## Your task:
Beginning with the line below that contains "China, four blue" and ending with the line that contains "New York Orders", copy every line exactly. Copy nothing else.

## Dataset excerpts:

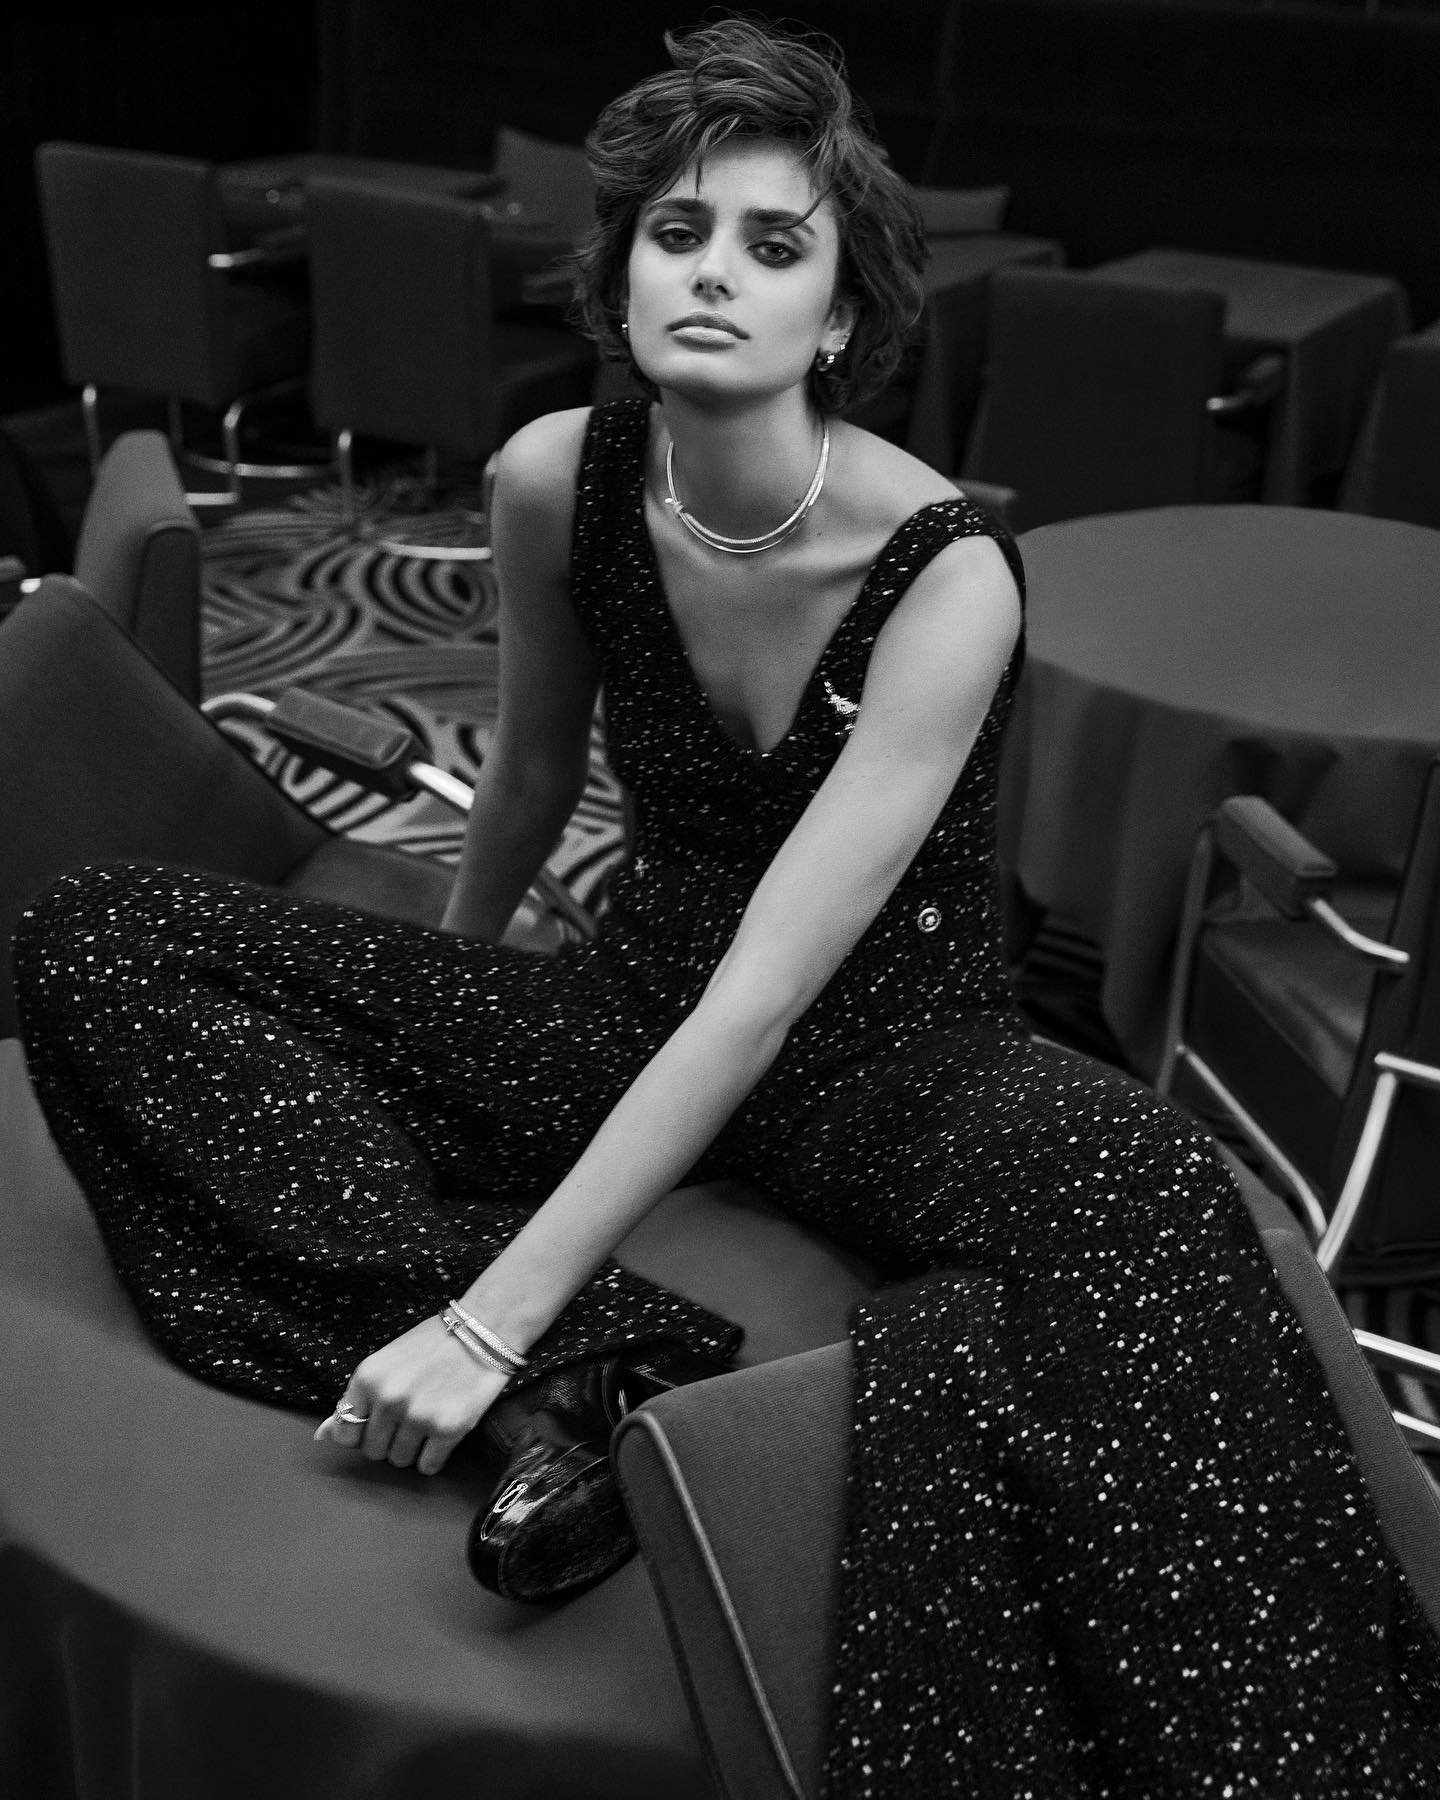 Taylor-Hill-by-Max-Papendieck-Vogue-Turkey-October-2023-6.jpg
---
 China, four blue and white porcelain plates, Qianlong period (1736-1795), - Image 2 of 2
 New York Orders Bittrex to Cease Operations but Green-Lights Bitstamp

## Answer for the task:
 China, four blue and white porcelain plates, Qianlong period (1736-1795), - Image 2 of 2
 New York Orders Bittrex to Cease Operations but Green-Lights Bitstamp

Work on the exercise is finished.